Ваймс уставился на сцену. Он не понимал песен, текст которых был сложнее, чем в песнях типа «Ах, куда подевалась перчица (и студень уж совсем не тот)».
– Кровавый Топор и Железный Молот… – пробормотал он.
Сидящие рядом гномы принялись бросать на него раздраженные взгляды.
– А кто из них…
– Шелли уже говорила тебе. Они оба были гномами, – резко ответила Сибилла.
– А, – мрачно произнес Ваймс.
Все эти вопросы были выше его понимания. Есть мужчины, и есть женщины. Все просто и понятно. Сэм Ваймс был незамысловатым человеком, когда дело касалось того, что поэты громко величали «списками любви»[20]. Он знал, что на некоторых улицах Теней можно найти самые экзотические удовольствия, однако смотрел на все это как на далекие страны – он в них никогда не бывал, а значит, это не его проблемы. Правда, иногда он диву давался: и до чего только не додумаются люди, если им предоставить побольше свободного времени!
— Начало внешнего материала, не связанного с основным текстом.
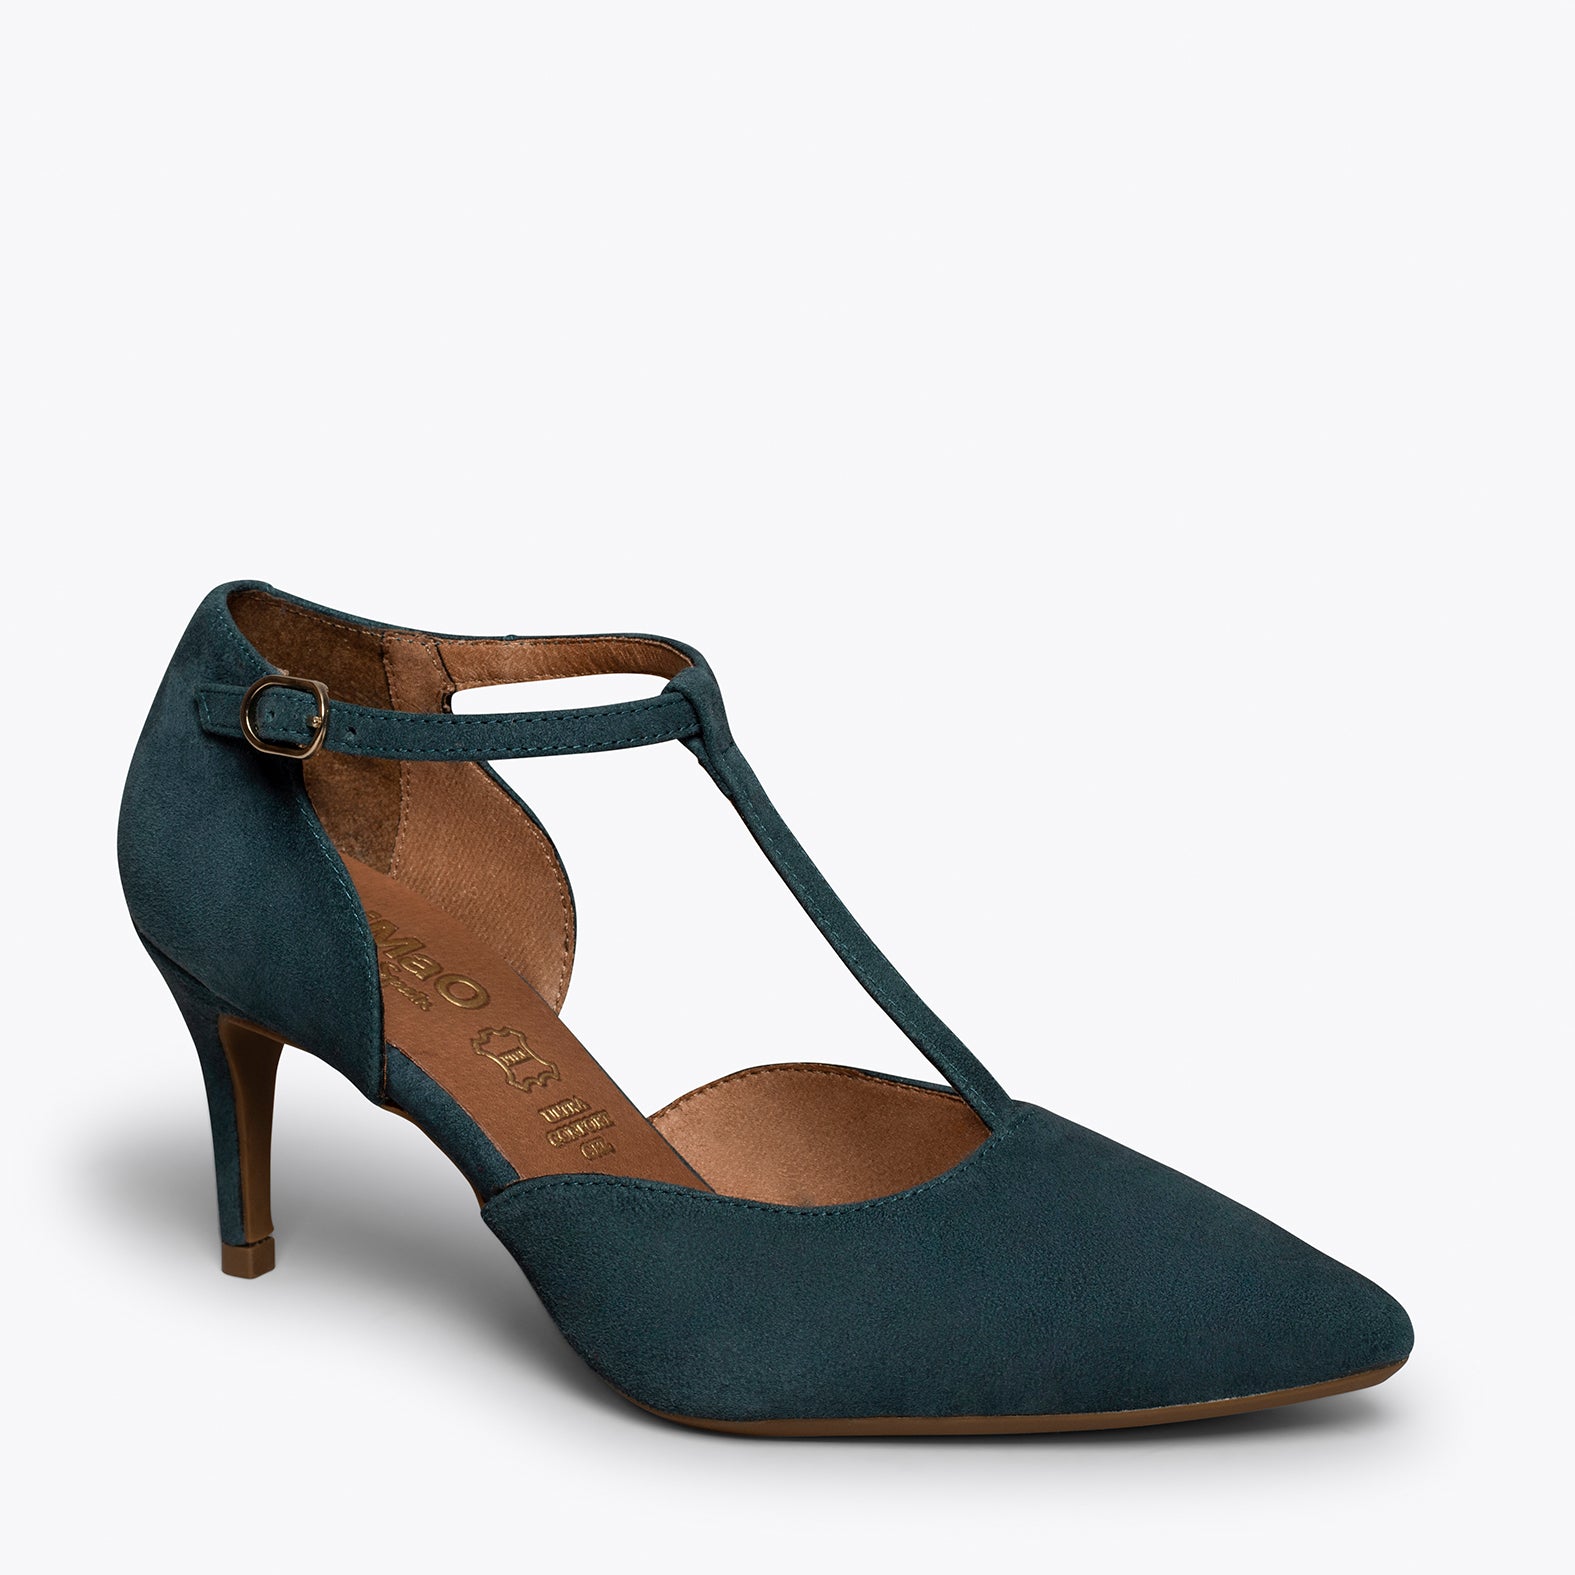 COCKTAIL – TEAL elegant mid heel shoes

Однако с гномами… Это было так же трудно вообразить, как пытаться нарисовать себе мир, не глядя на его карту. Гномы не то чтобы игнорировали секс, просто… не считали его важным. Вот бы и с людьми было так. Работать стало бы намного проще.
На сцене дело дошло до смертного ложа. Ваймсу с его поверхностными знаниями уличного гномьего было трудно разобраться, что именно происходит. Кто-то умирал, кто-то другой сильно сожалел о происходящем. У обоих главных певцов были бороды, в которых можно было спрятать целый курятник. Что же касается актерской игры, то выражалась она большей частью в периодическом взмахе рукой.
Впрочем, вокруг него периодически раздавались сдавленные всхлипы, иногда кто-то сморкался. Даже у Сибиллы дрожала нижняя губа.
«Это ведь всего лишь песня! – хотелось воскликнуть ему. – Она далека от реальности. Реальны преступления, улицы и погони… Песня не поможет тебе выбраться из трудного положения. Попробуй спеть перед вооруженным стражником в Анк-Морпорке, увидишь, к чему это приведет…»
После представления зрители долго и тепло аплодировали – как всегда бывает, когда аудитория не совсем поняла, о чем ей пытались рассказать, но инстинктивно осознает, что надо бы показать обратное. Затем Ваймс принялся пробиваться сквозь толпу на выход.
Ди разговаривал с каким-то юношей крепкого телосложения и в черных одеждах. Молодой человек показался Ваймсу знакомым. Очевидно, как и Ваймс ему, поскольку юноша резко, почти вызывающе кивнул, приветствуя его.
– А, ваша светлость Ваймс, – сказал он. – И как вам опера?
– Особенно понравился эпизод, в котором пелось о золоте, – ответил Ваймс. – А вы?…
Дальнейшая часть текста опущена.